* COLLECTED DATA:
▼

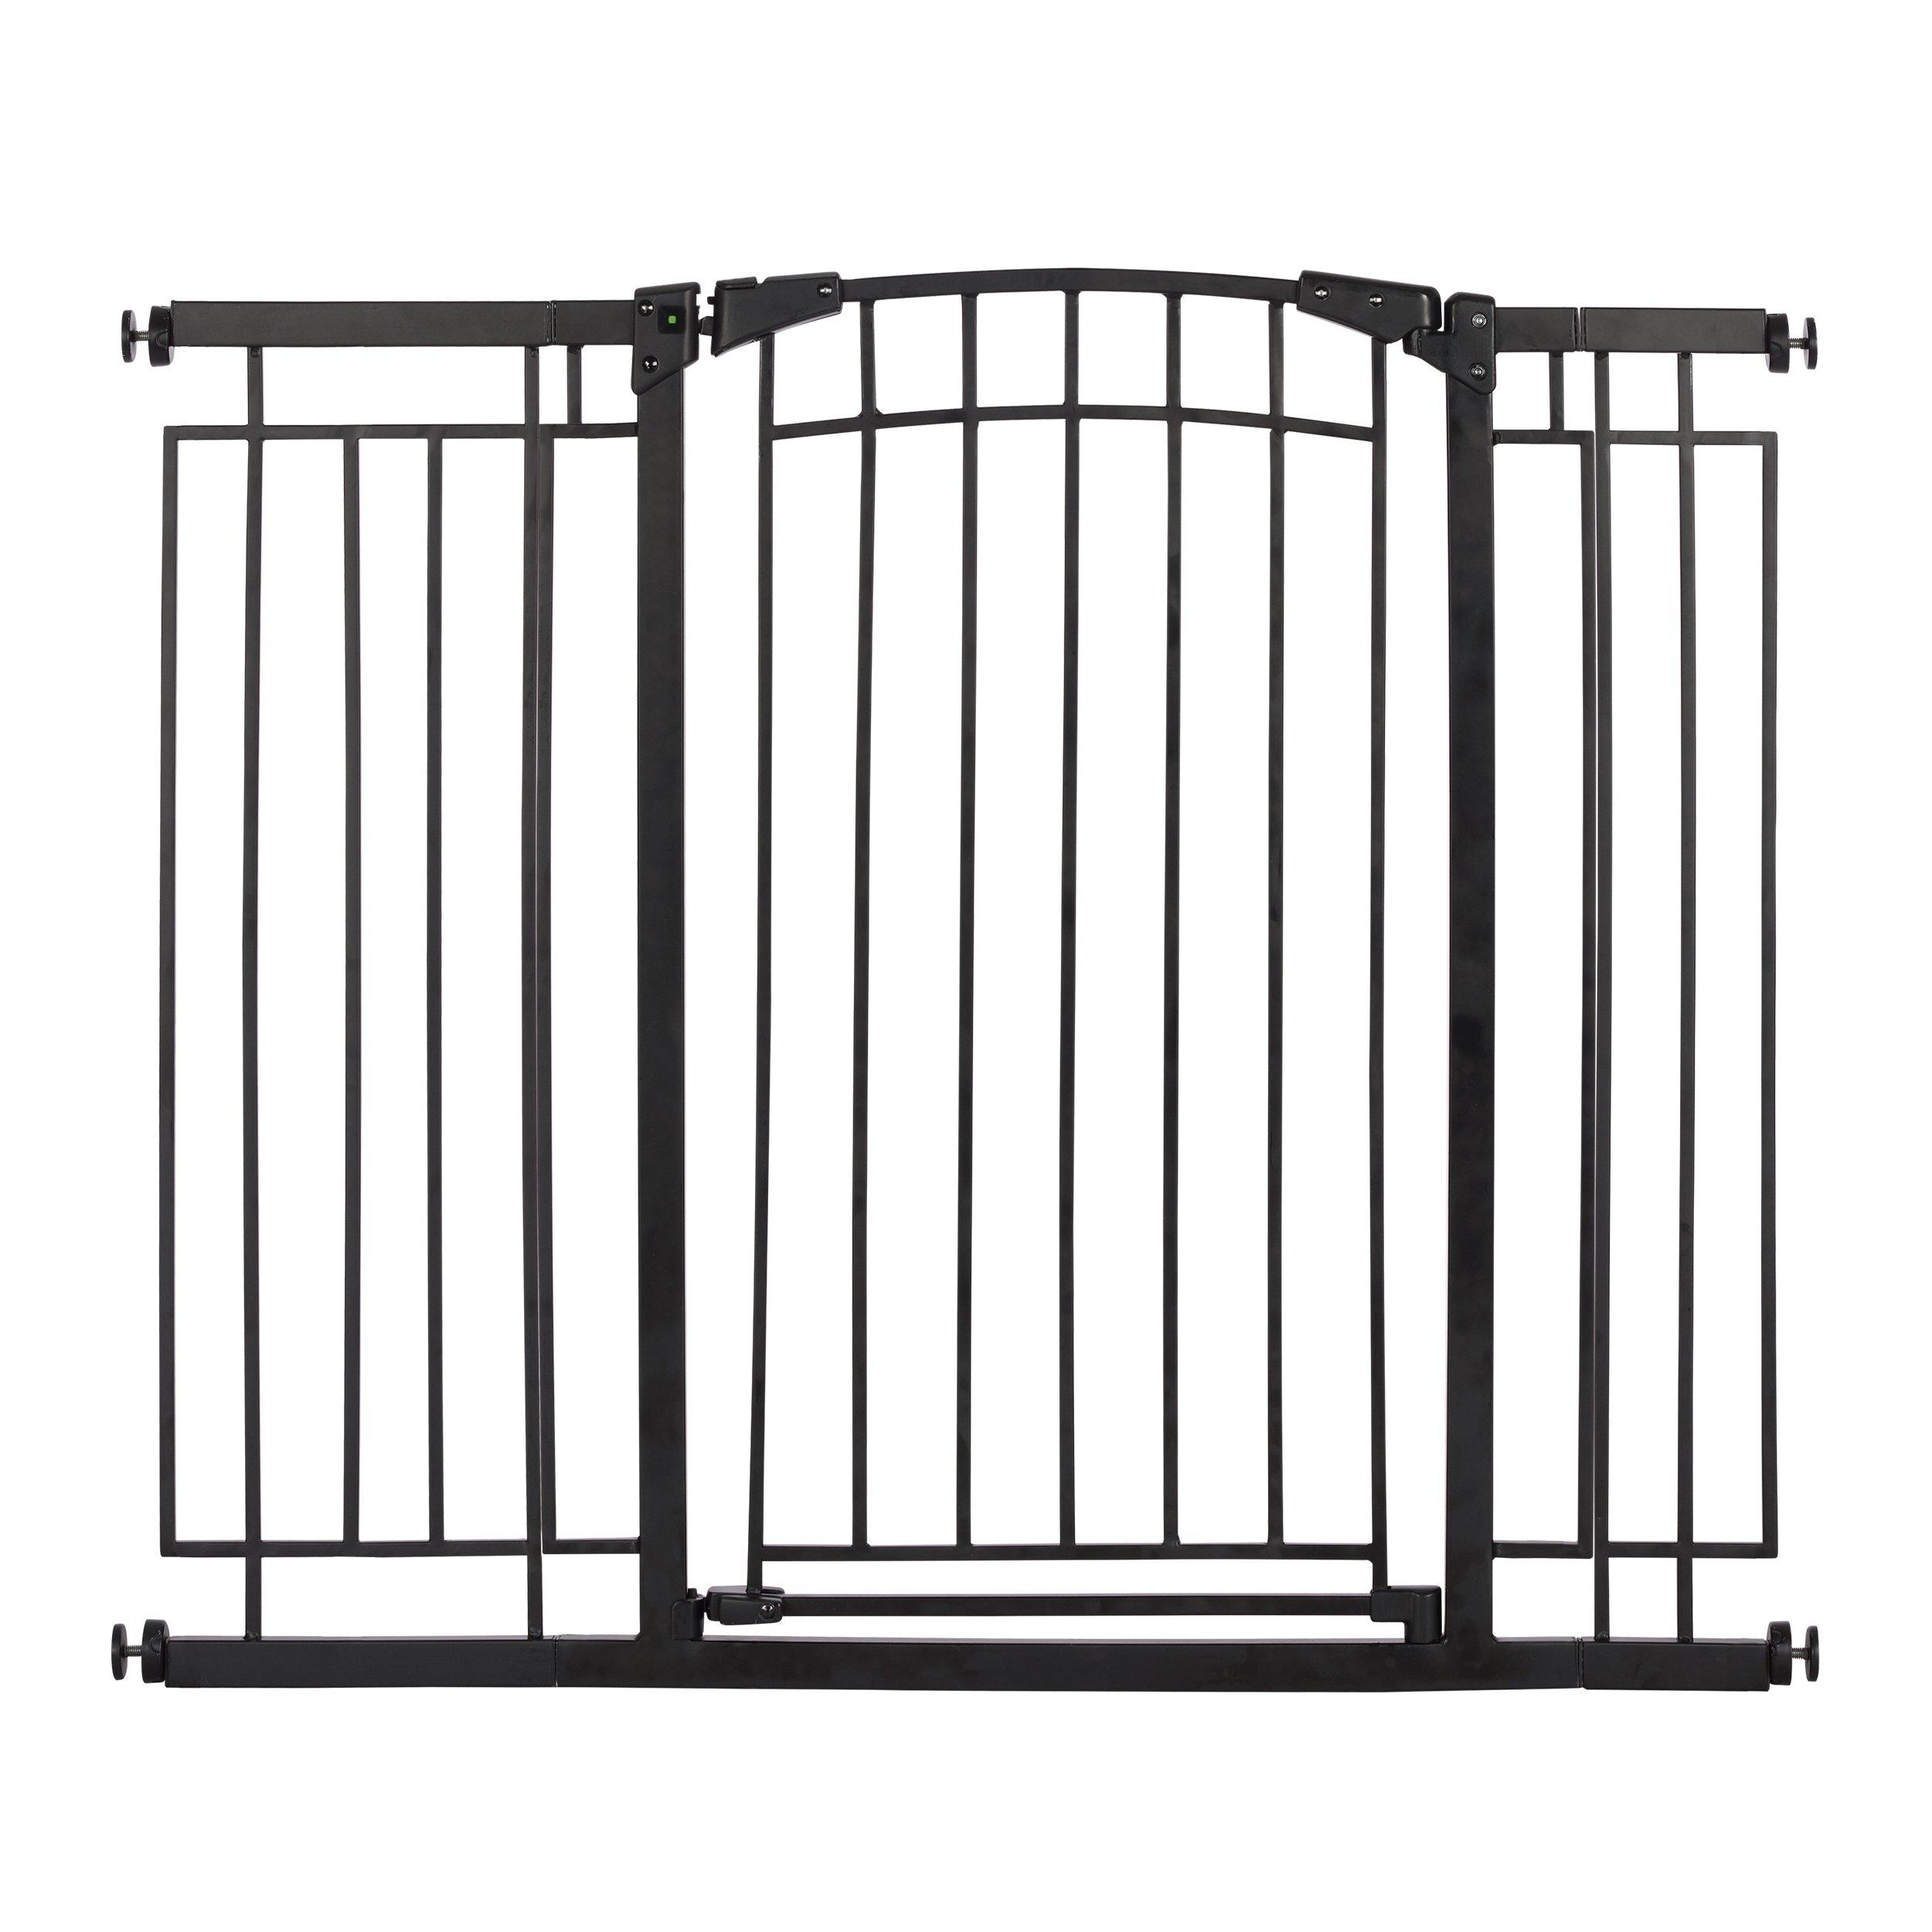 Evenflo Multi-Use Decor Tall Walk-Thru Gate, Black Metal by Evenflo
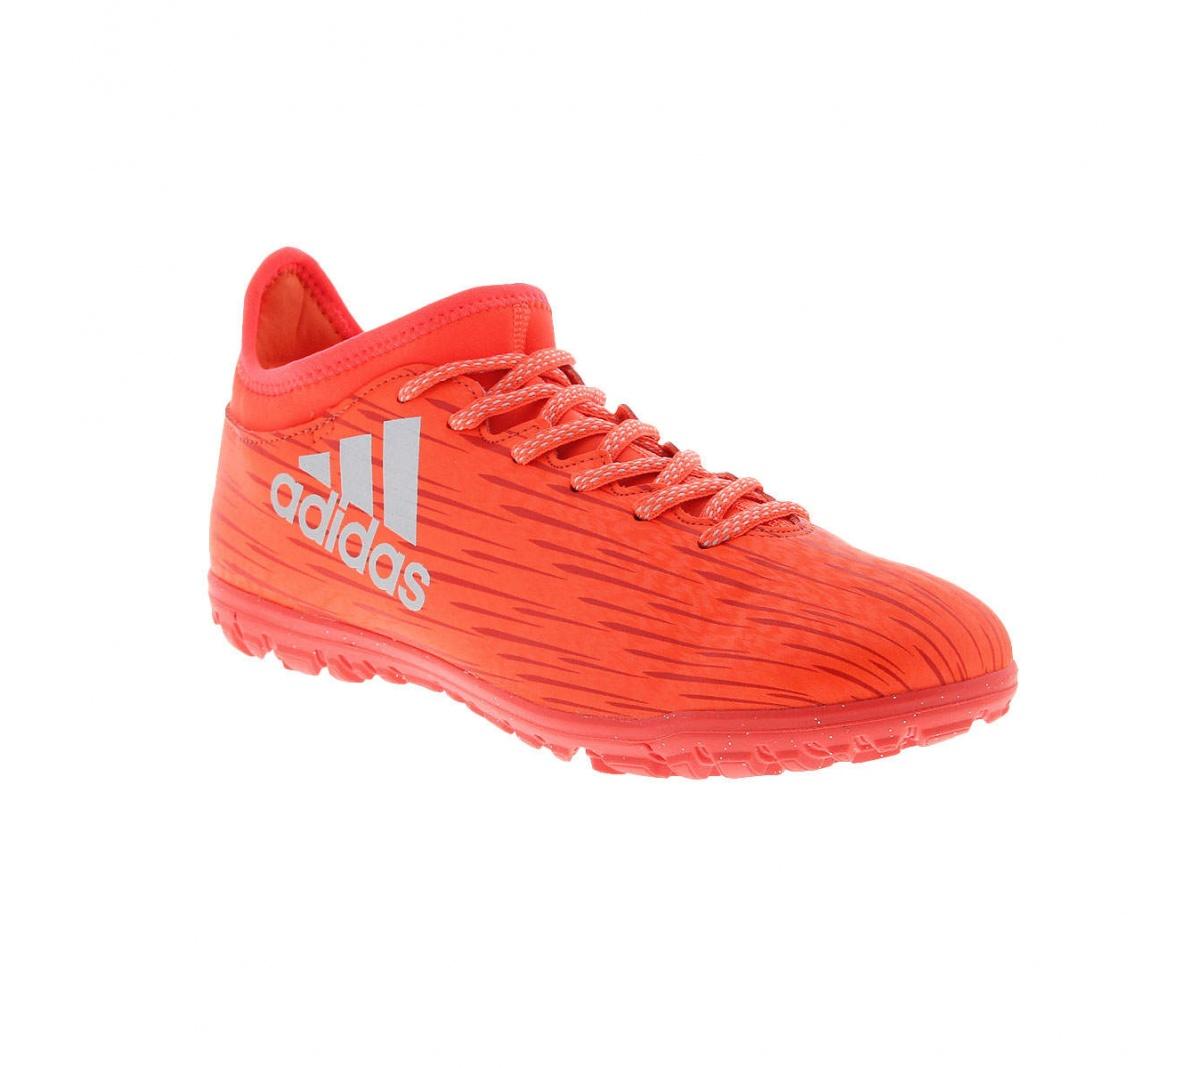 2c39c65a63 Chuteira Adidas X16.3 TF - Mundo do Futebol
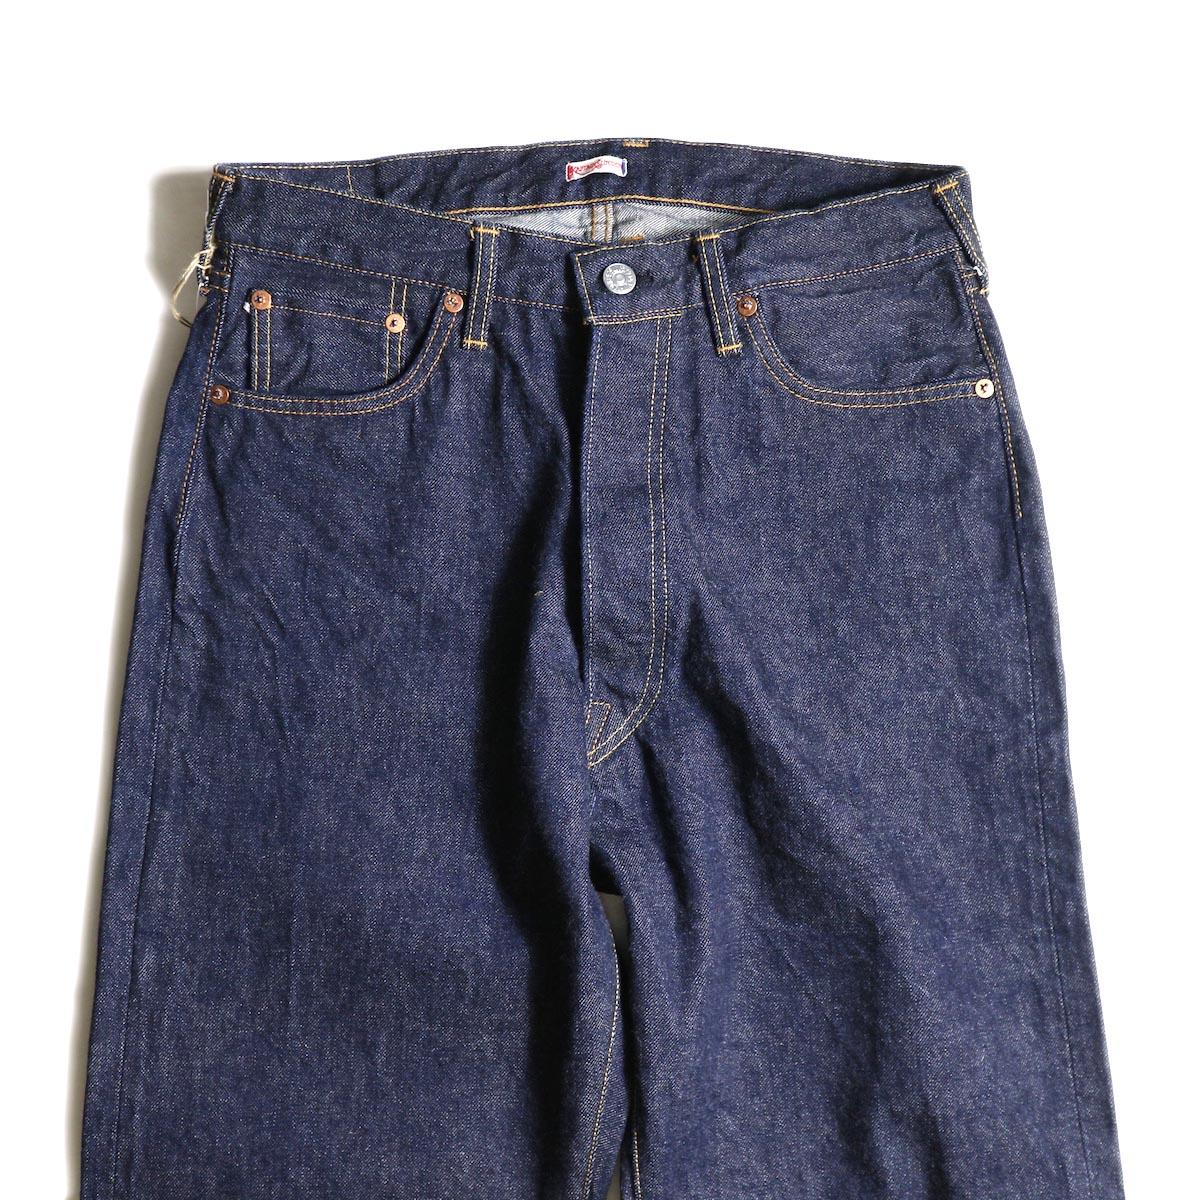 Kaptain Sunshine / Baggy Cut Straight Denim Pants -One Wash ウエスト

▲

* BRIEF: Leave every image out, and retype the material exactly.

* EXERCISE RESULT:
 Evenflo Multi-Use Decor Tall Walk-Thru Gate, Black Metal by Evenflo
 2c39c65a63 Chuteira Adidas X16.3 TF - Mundo do Futebol
 Kaptain Sunshine / Baggy Cut Straight Denim Pants -One Wash ウエスト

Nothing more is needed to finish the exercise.